Who are the intended users of this package? An important prerequisite to determine what to build and when is to know who you're building for. When you're working on developer tools it's easy to fall into the trap of overfitting to your own workflow and processes. Keeping the full range of our user base in mind while designing can help ensure that the features we build are useful to as many people as possible.
We can segment our user base along the following axes:
This group includes both new developers (university CS students, precocious high schoolers, professionals in other fields who are interested in joining tech) and those in tech-adjacent professions (technical writers, support).
As a tool, command-line git is very punishing to those who attempt to learn it "in passing" while they're really trying to accomplish something else. It takes a few days of focused study to really click, and until you spend it it's a source of great frustration.
We can help by providing a gentler introduction to git to increase the intuitiveness of those early days. Ideally, someone with no git experience should be able to make a contribution to a project without having to take a class or read a book first. Furthermore, we can set learners up for future success by providing hints and nudges and using terminology that will click later.
My dream is to make an answer to "so, how do I use git" be "oh, just use Atom to get started".
These are our users who already use git daily and know command-line incantations inside and out.

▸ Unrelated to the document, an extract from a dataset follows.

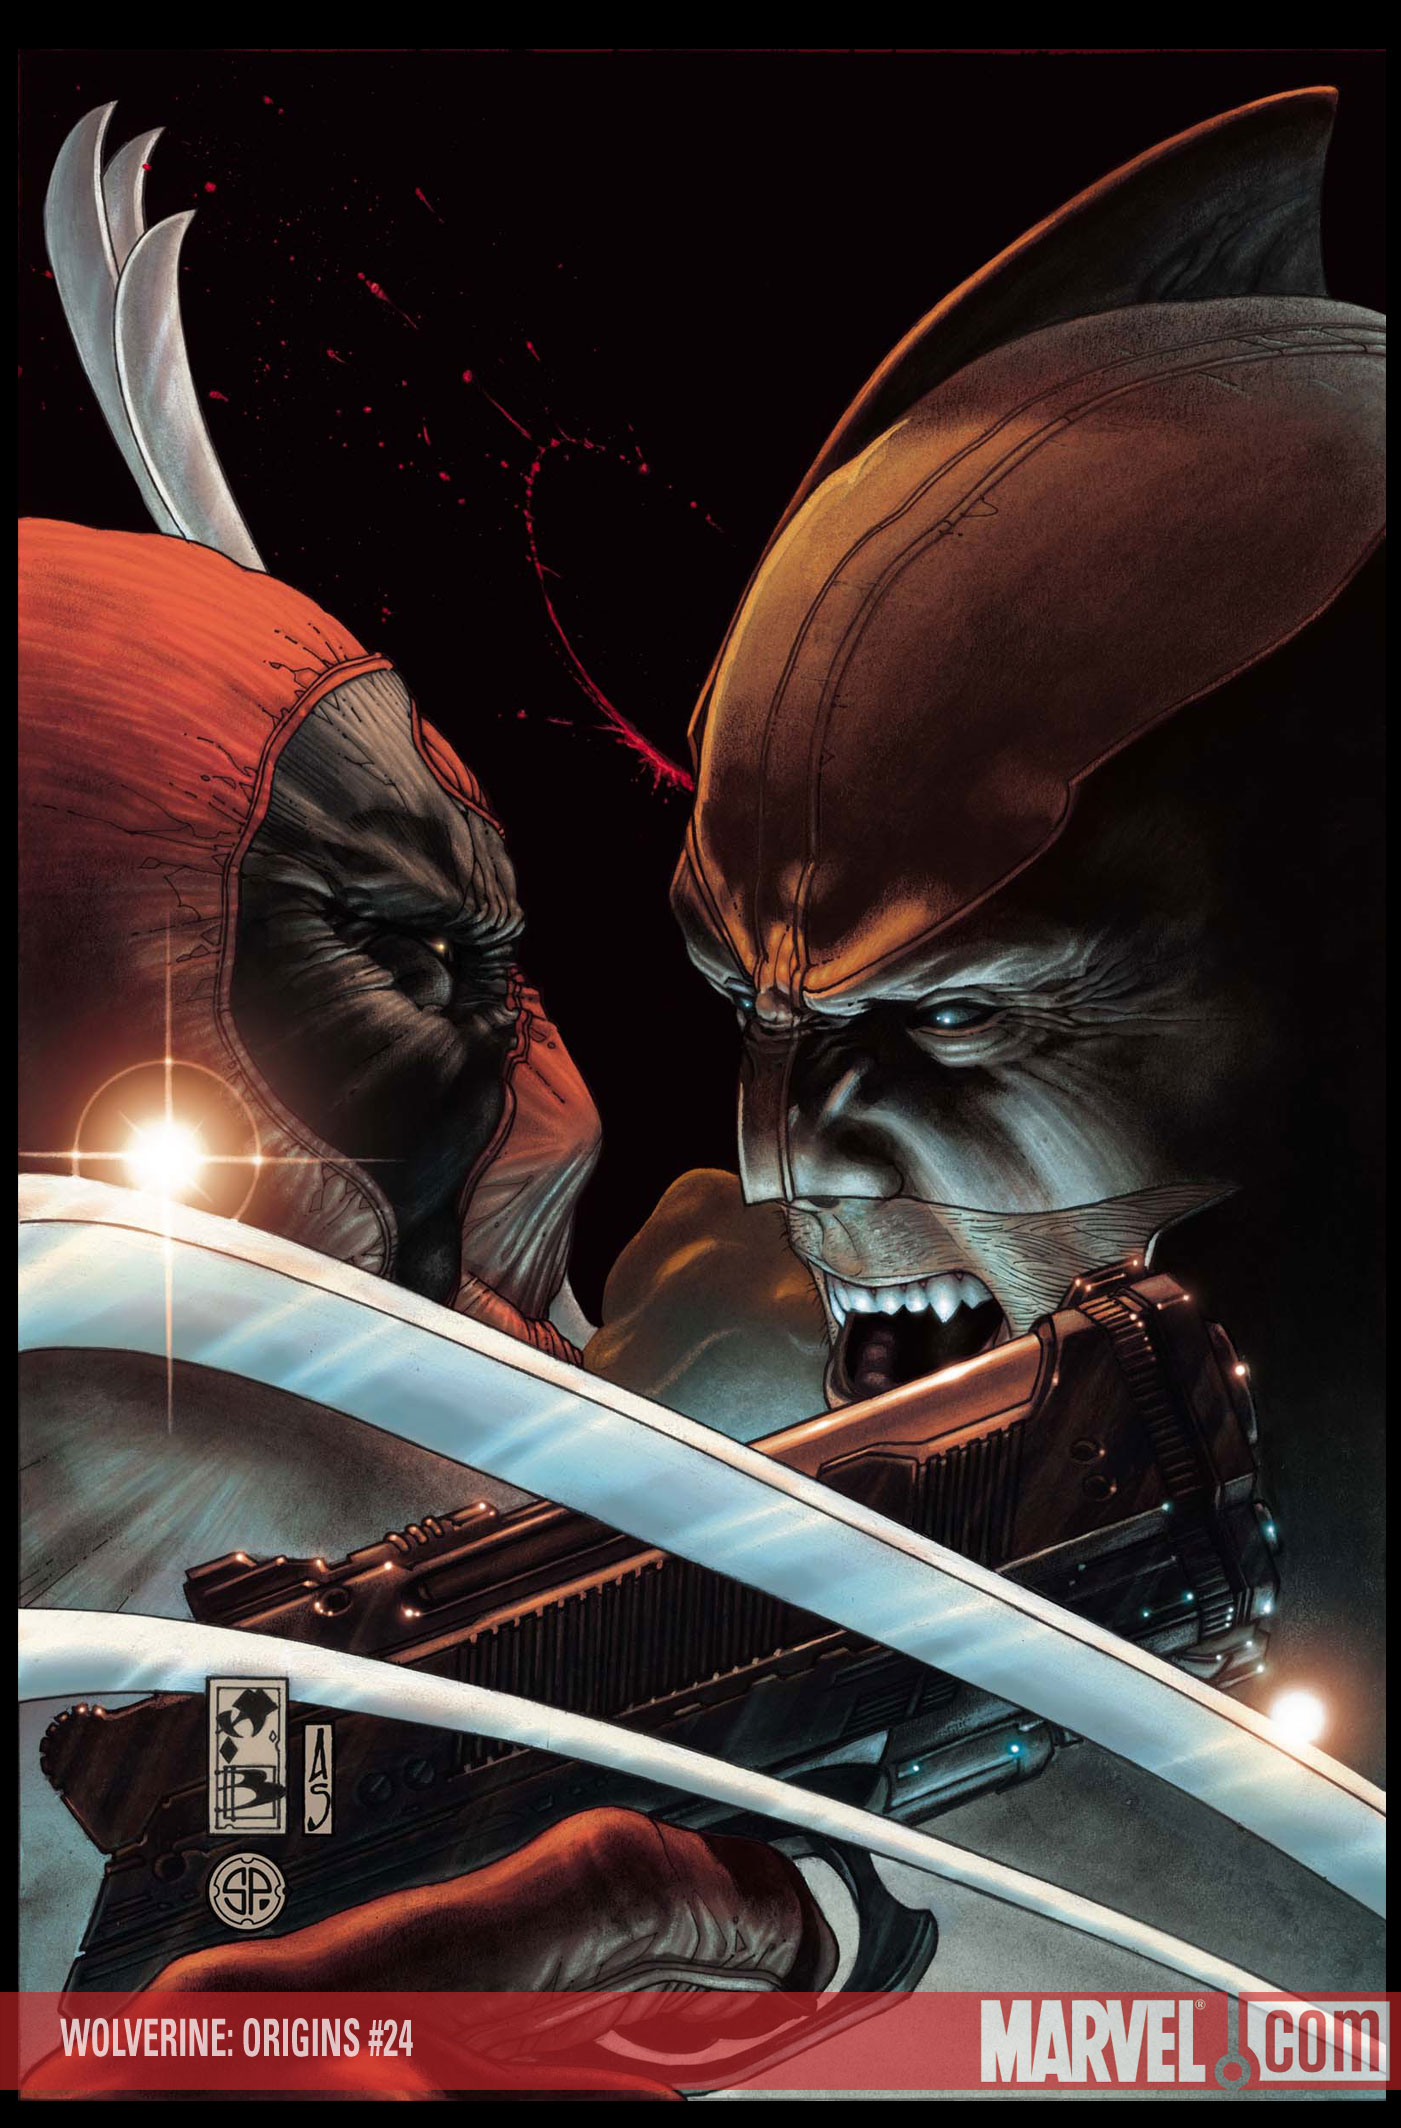 Deadpool Vs. Wolverine Backgrounds, Compatible - PC, Mobile, Gadgets| 1401x2128 px

We want to remain appealing enough to be useful to users who are already comfortable elsewhere, even if only sometimes.
We can serve these users by reducing context switches for the most common tasks. Reducing the number of times you need to change your active desktop window is a productivity win.
The terminology and verbiage we use throughout the package can help preserve the usefulness of existing knowledge. Someone who's comfortable with git at the command line should be able to predict at a glance what any given UI action will take.
Finally, we can also introduce novel git affordances that aren't easy to accomplish at the command-line to go above and beyond and give people some extra flair and flash.
Note that these three are often the same people at different times.
These are developers who work within established teams, who often have processes and procedures in place, sometimes imposed externally. These users sometimes have strict needs about branch workflows, linters and hooks, merging vs. rebasing, and mechanisms for tagging and releasing. We can serve these developers best by ensuring we have maximum flexibility so they can fit our tooling to their existing processes with minimal fuss. Providing rich extensibility also helps in these contexts, because it would allow teams to overlay complex workflows on top of our basic building blocks with internal packages and tools.
Other developers live in an open-source world, shepherding contributions from others, giving feedback, and merging or rejecting pull requests. Maintainers would appreciate features that allow them to investigate and triage work across large sets of repositories and pull requests and maintain situational awareness.
Finally, users who tinker with personal projects in their free time should have minimal friction to being able to set up and get code out. These users are likely to benefit from being able to work with little ceremony and few obstacles.